- Rock remix cover

Single by Jay Chou

from the album Capricorn
- Released: September 22, 2008
- Recorded: 2008
- Genre: Pop
- Length: 3:43
- Label: JVR Music
- Songwriter(s): Jay Chou
- Producer(s): Jay Chou

Jay Chou singles chronology
| "A Dandelion's Promise" (2007) | "Rice Field" (2008) | "The Promised Love" (2008) |

Music video
- "Rice Field" on YouTube

= Rice Field (song) =

"Rice Field" (稻香 (Dào xiāng, Rice Fragrance)) is a song by Taiwanese recording artist Jay Chou. It premiered in Asia on September 22, 2008, serving as the lead single for the singer's ninth studio album Capricorn (2008). Written and produced by Chou, "Rice Field" was conceived based on the singer's childhood memories. It is a pop number that blends elements of folk music and hip-hop, with lyrics looking back towards a more simple life amidst contemporary hardships.

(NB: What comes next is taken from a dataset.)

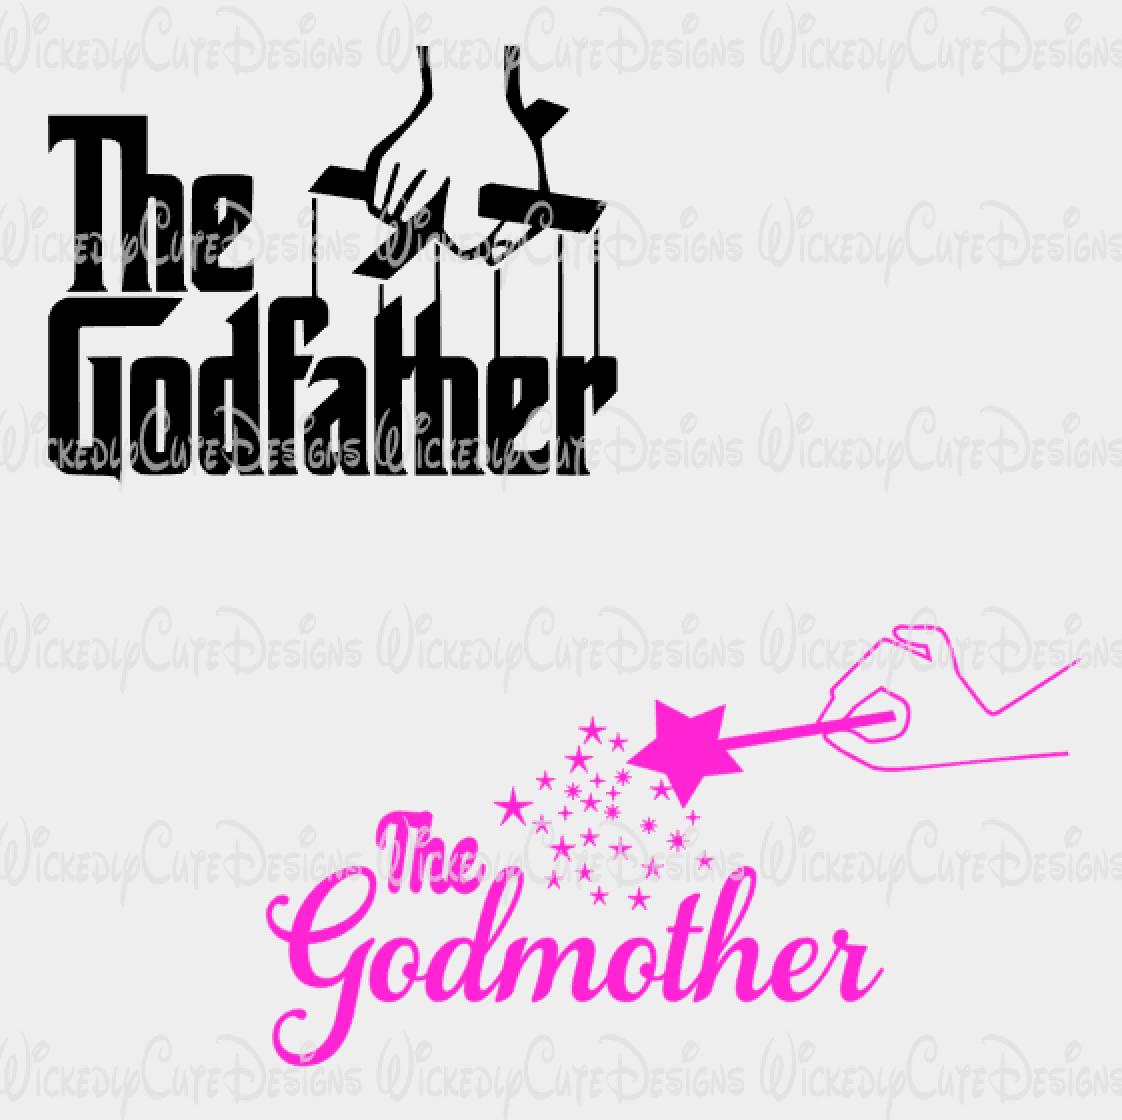 Godmother And Godfather Svg Dxf Eps Png Digital File The

"Rice Field" received positive reviews from music critics, with NetEase complimenting the song's lyrics and composition. "Rice Field" appeared at number three on the Hit FM's top 100 singles of the year ranking, and won Song of the Year at the Golden Melody Awards and Beijing Pop Music Awards. Its accompanying music video is set in a rural area with ox carts, country lanes, and rice paddies while Chou donned folk attire. A rock remix of the song was released by JVR on July 2, 2024.

==Background and release==
"Rice Field" premiered on radio stations in Taiwan and Asia on September 22, 2008.

==Development==

"Rice Field" draws inspiration from Chou's childhood memories. It depicts contemporary urban city dwellers burdened by societal and life pressures, and their growing desire to retreat to a simpler, rural existence. Chou intended to illustrate an idyllic countryside setting, running barefoot through fields, stealing fruits, and carefree childhood play.

He elaborated on the message behind the song: "Do not give up so easily. Just like I've always said before, if your dream seems to be too far away, do not hesitate to redefine it. Success and fame are not the ultimate goals. Work towards your personal happiness, as that is the true essence of life." In a 2013 interview with Southern Weekly, Chou commented that the song was created to cheer people up amidst the 2008 Sichuan earthquake and the 2008 financial crisis.

== Reception ==
NetEase complimented the song's composition and Chou's songwriting on the track. On year-end charts in Taiwan, "Rice Field" was ranked at number 3 on the Hit FM Top 100 Singles of the Year chart in 2008.

== Music video ==
In order to bring out the essence of the concept behind "Rice Field" in the music video, Chou chose a rural courtyard house as the filming location to represent his childhood memories. The video tells the story of a middle-aged man, frustrated with work-related stress, venting his frustrations on his wife and children. He later retreats to his rural hometown, where the affectionate welcome from his mother and relatives offers him strength. The video features two individuals leisurely singing and playing music on an ox cart, although the cart is propelled by staff members, not an ox.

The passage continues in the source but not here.